Question

If \(x > 0\), then which of the following expressions are equal to 3.6% of \(\frac{5x}{12}\) ? 
A. 3 percent of 20x 
B. x percent of \(\frac{3}{2}\)
C. 3x percent of 0.2 
D. 0.05 percent of 3x
E. \(\frac{3x}{200}\)
Choose the correct answer from the options given below:

• A. A and B only
• B. A and E only
• C. C and D only
• D. B and E only

Answer 1

The Correct Option is D

To determine which expressions are equal to 3.6% of \(\frac{5x}{12}\), we need to calculate this value and compare it with each option.

First, compute 3.6% of \(\frac{5x}{12}\):

3.6\% of \(\frac{5x}{12}\) is calculated as:

\(\frac{3.6}{100} \times \frac{5x}{12} = \frac{18}{500} \times \frac{5x}{12} = \frac{90x}{6000} = \frac{3x}{200}\)

So, we need to identify which options result in \(\frac{3x}{200}\).

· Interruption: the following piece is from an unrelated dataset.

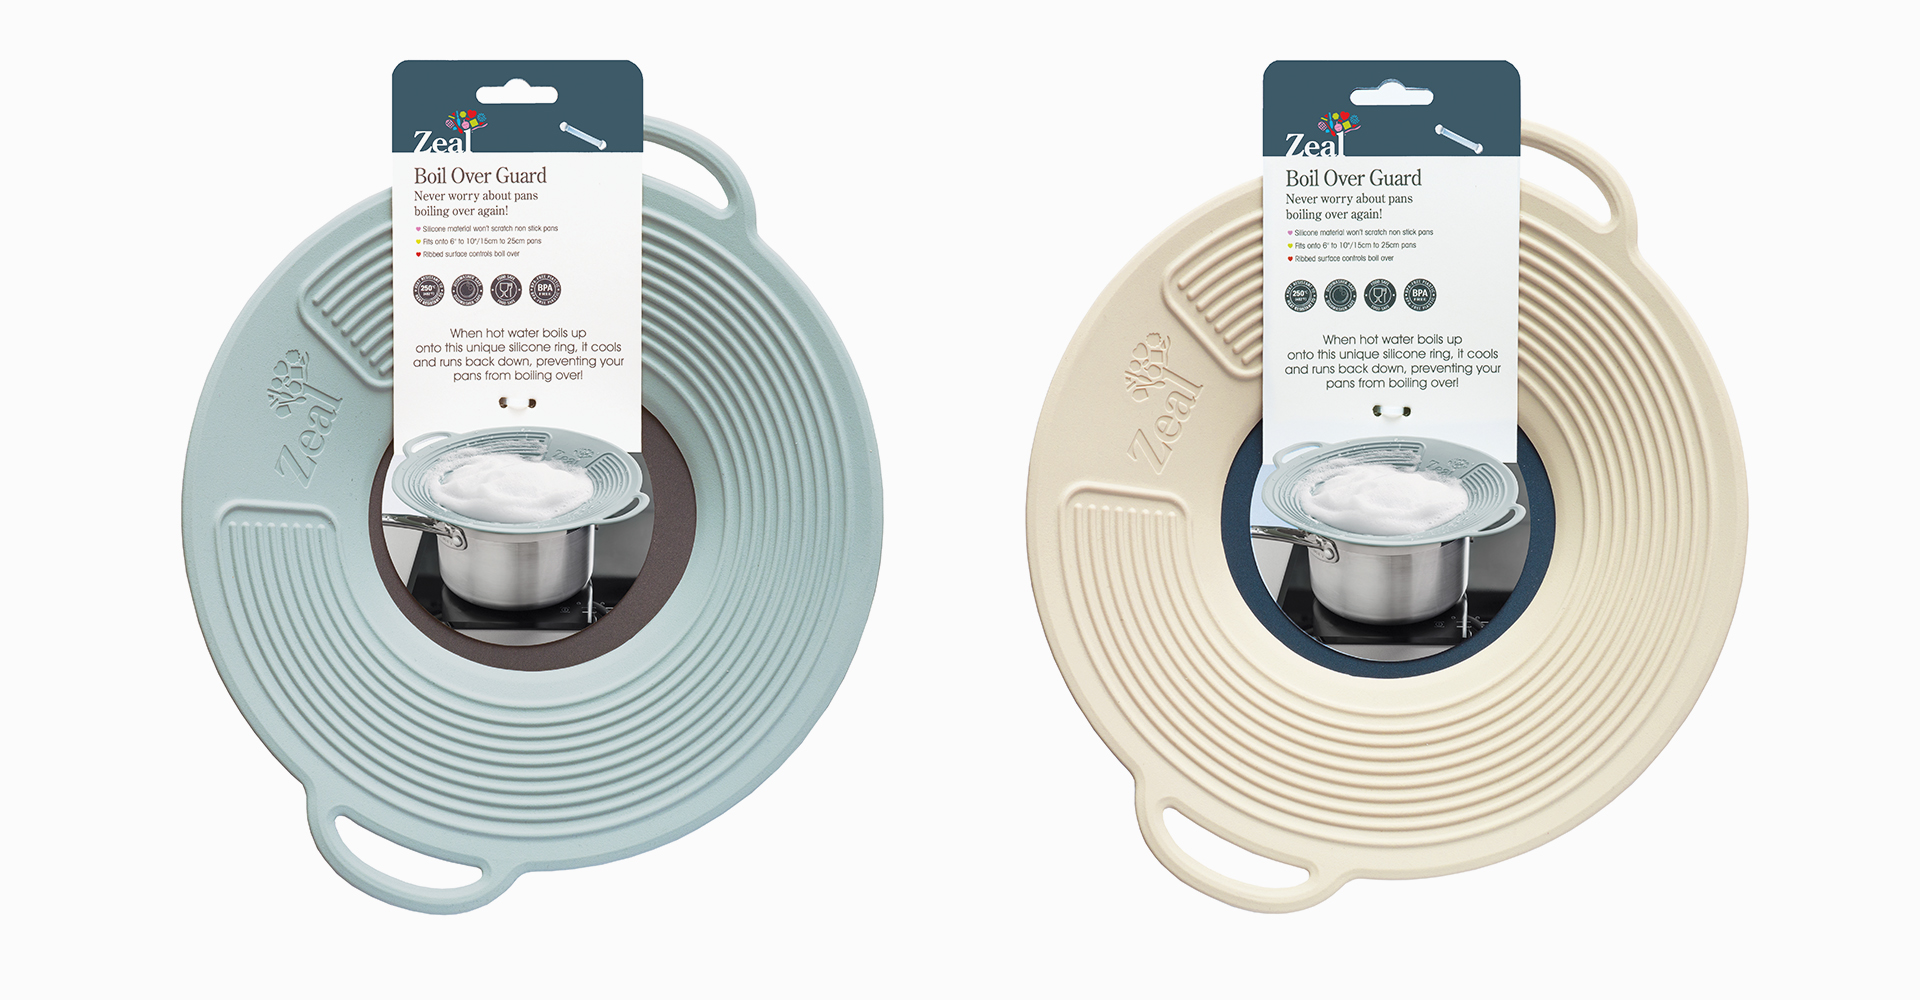 CKS Zeal 2018 range| CKS - Zeal - Boil over lid - Lid - Texture - Design - Guard - Packaging - Graphics - Graphic design - Blue - White - Handle - Functional

Let’s evaluate each option step-by-step:

1. **Option A: 3 percent of 20x** \(\frac{3}{100} \times 20x = \frac{60x}{100} = \frac{3x}{5}\)
   This is not equal to \(\frac{3x}{200}\).
2. **Option B: x percent of \(\frac{3}{2}\)** \(\frac{x}{100} \times \frac{3}{2} = \frac{3x}{200}\)
   This matches \(\frac{3x}{200}\).
3. **Option C: 3x percent of 0.2** \(\frac{3x}{100} \times 0.2 = \frac{0.6x}{100} = \frac{3x}{500}\)
   This is not equal to \(\frac{3x}{200}\).
4. **Option D: 0.05 percent of 3x** \(\frac{0.05}{100} \times 3x = \frac{0.15x}{10000} = \frac{3x}{200000}\)
   This is not equal to \(\frac{3x}{200}\).
5. **Option E: \(\frac{3x}{200}\)**
   Strictly given as \(\frac{3x}{200}\), which is exactly what we computed.

Therefore, the expressions that are equal to 3.6% of \(\frac{5x}{12}\) are found in B and E only.